Observation data (J2000 epoch)
- Constellation: Indus
- Right ascension: 22^{h} 05^{m} 54.8^{s}
- Declination: −50° 07′ 10″
- Redshift: 0.009750 ± 0.000063
- Heliocentric radial velocity: 2,923 ± 19 km/s
- Distance: 146 ± 48 Mly (45 ± 15 Mpc)
- Apparent magnitude (V): 11.4

Characteristics
- Type: E:
- Apparent size (V): 2.5′ × 1.8′

Other designations
- ESO 237- G 036, AM 2202-502, PGC 68020

= NGC 7196 =

Galaxy in the constellation Indus

NGC 7196 is an elliptical galaxy registered in the New General Catalogue.
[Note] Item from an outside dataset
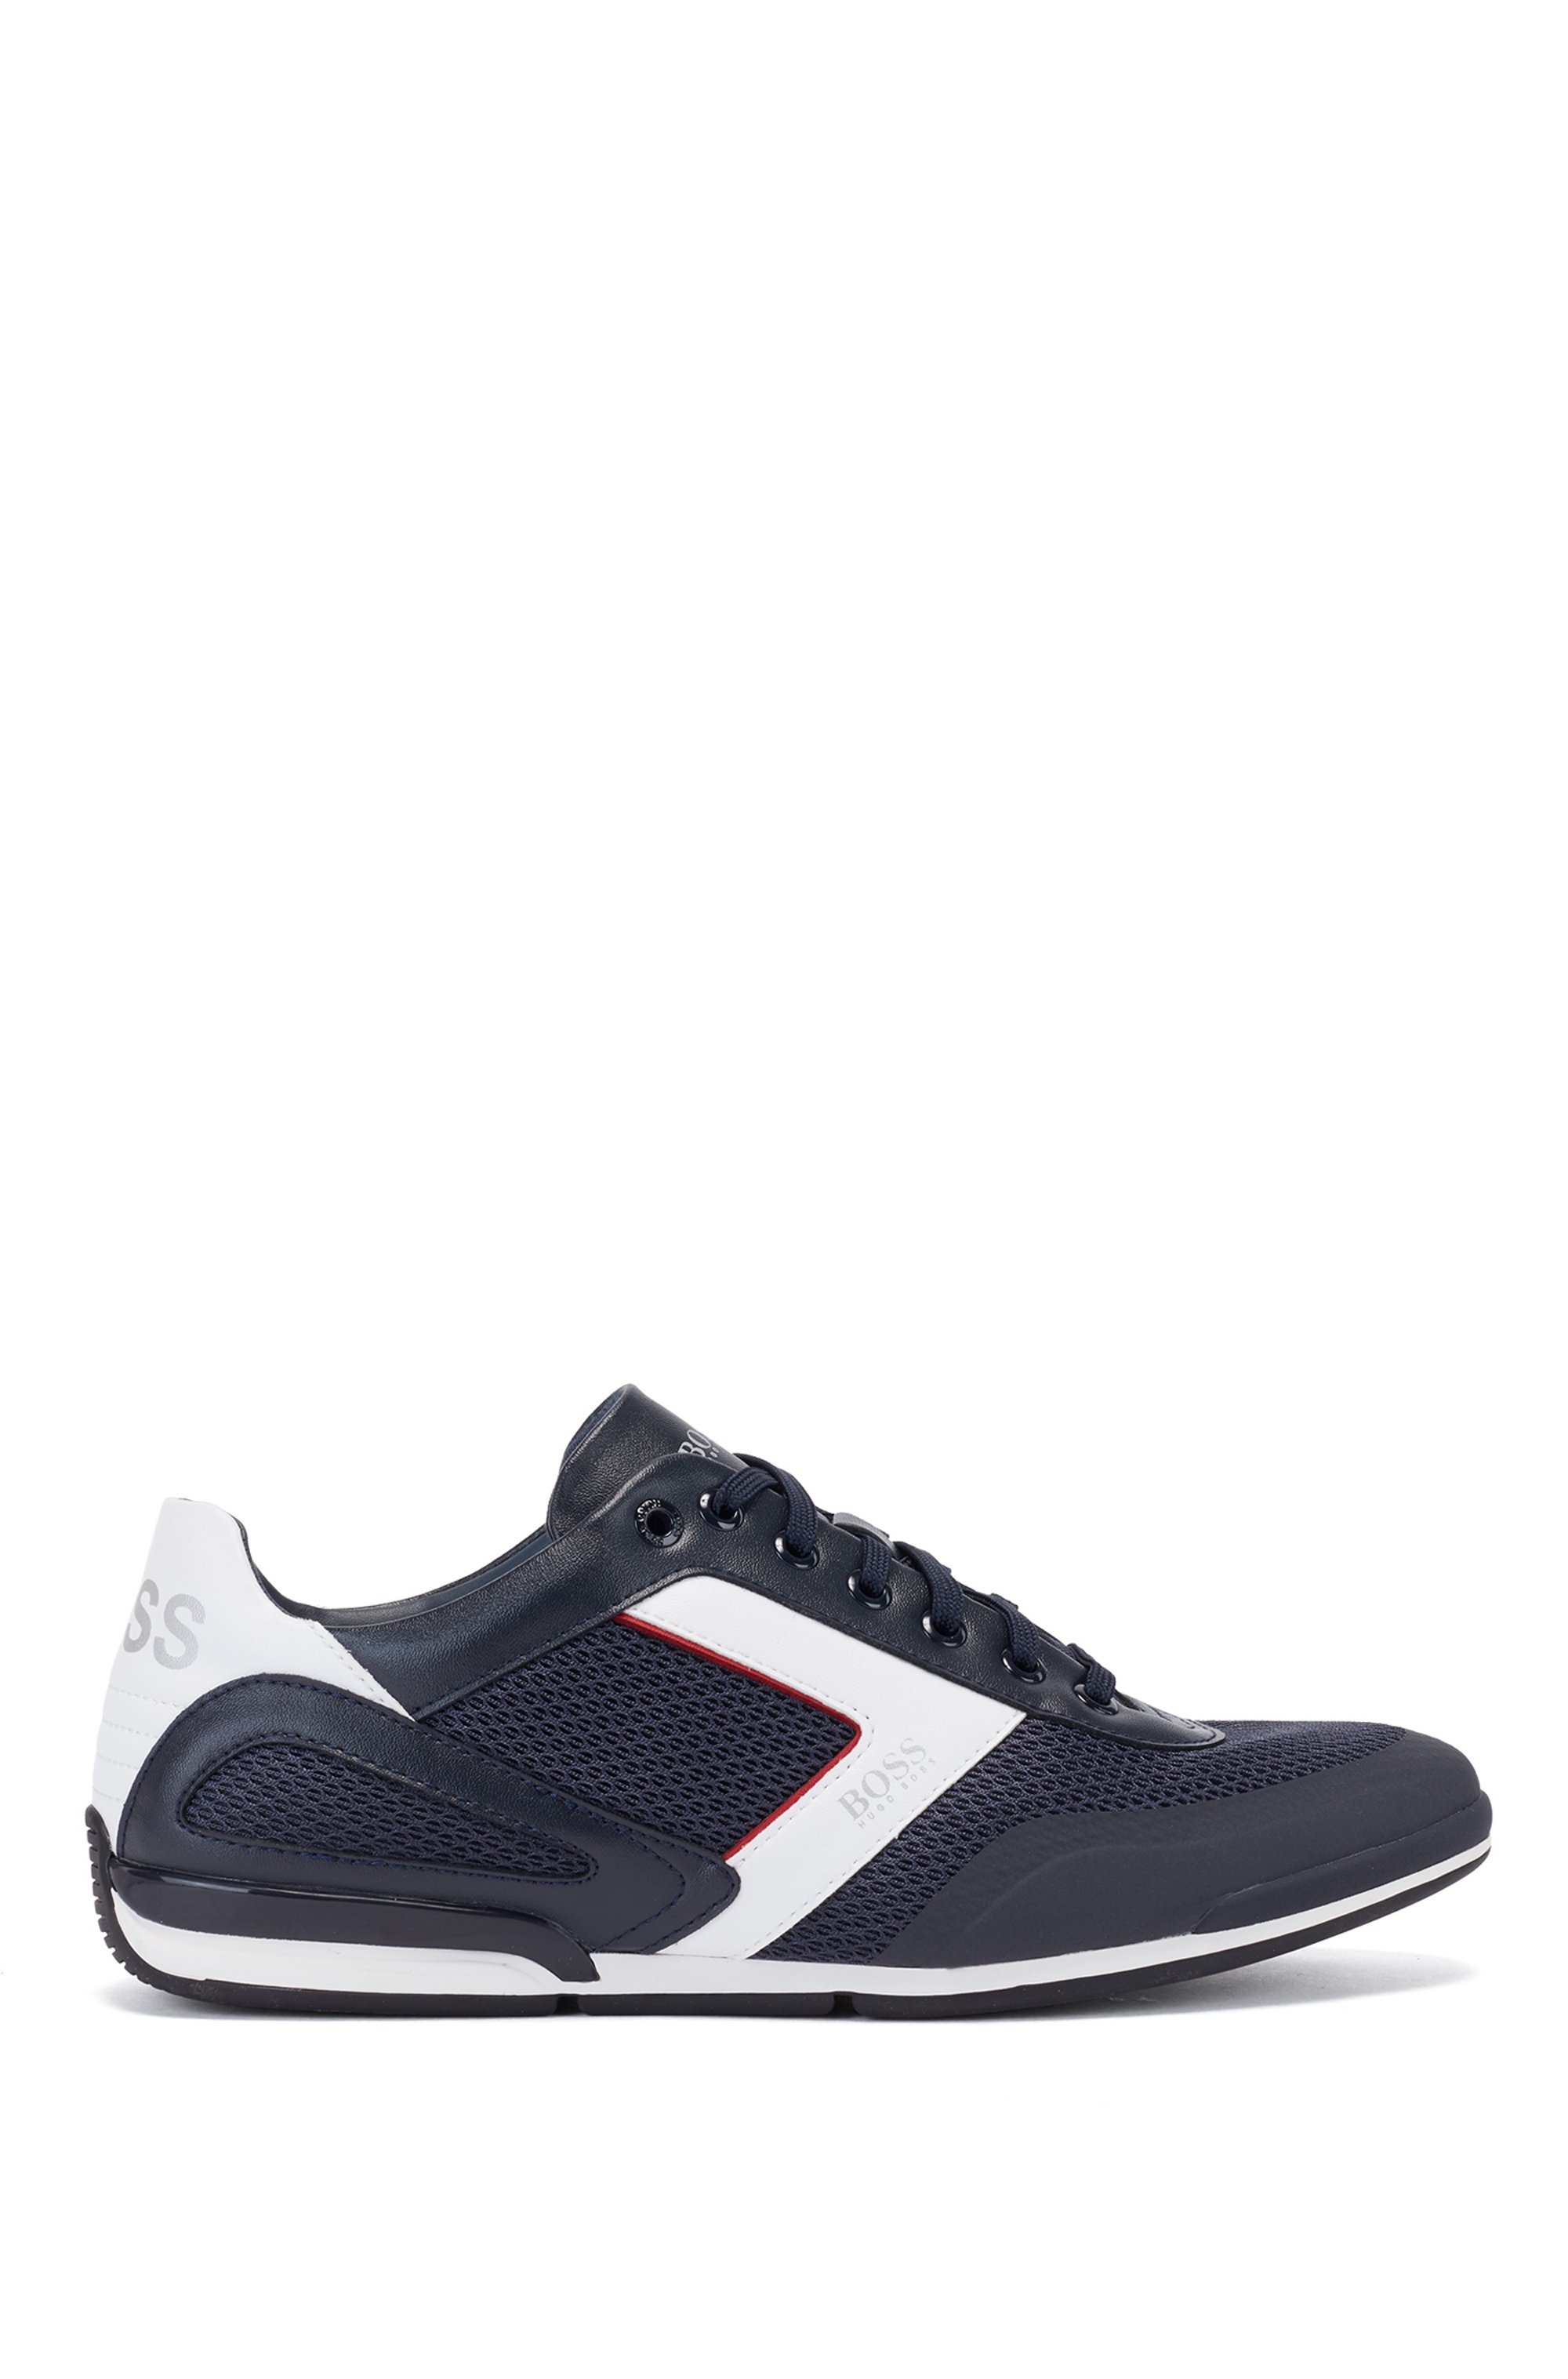 Hybrid trainers with reflective details and backtab logo, Dark Blue

It is located in the direction of the Indus constellation, at a distance of circa 150 million light years. It was discovered by the English astronomer John Herschel in 1834 using a 47.5 cm (18.7 inch) reflector.

NGC 7196 appears slightly distorted, with asymmetric outer isophotes. Asymmetry is also observed near the centre. The inner luminosity pattern resembles that of lenticular galaxies with circumscribing dust lanes, except that the feature is extremely close to the center. A shell has been observed around the galaxy. Shells are generally considered to have formed after the accretion of a smaller galaxy by a massive one. It has weak radio wave emission.

NGC 7196 is the foremost member of a galaxy group known as the NGC 7196 group, which also includes NGC 7200 and some dwarf elliptical and irregular galaxies. In the same galaxy cloud lies NGC 7168. NGC 7196 lies in the foreground of galaxy cluster known as Abell S0989.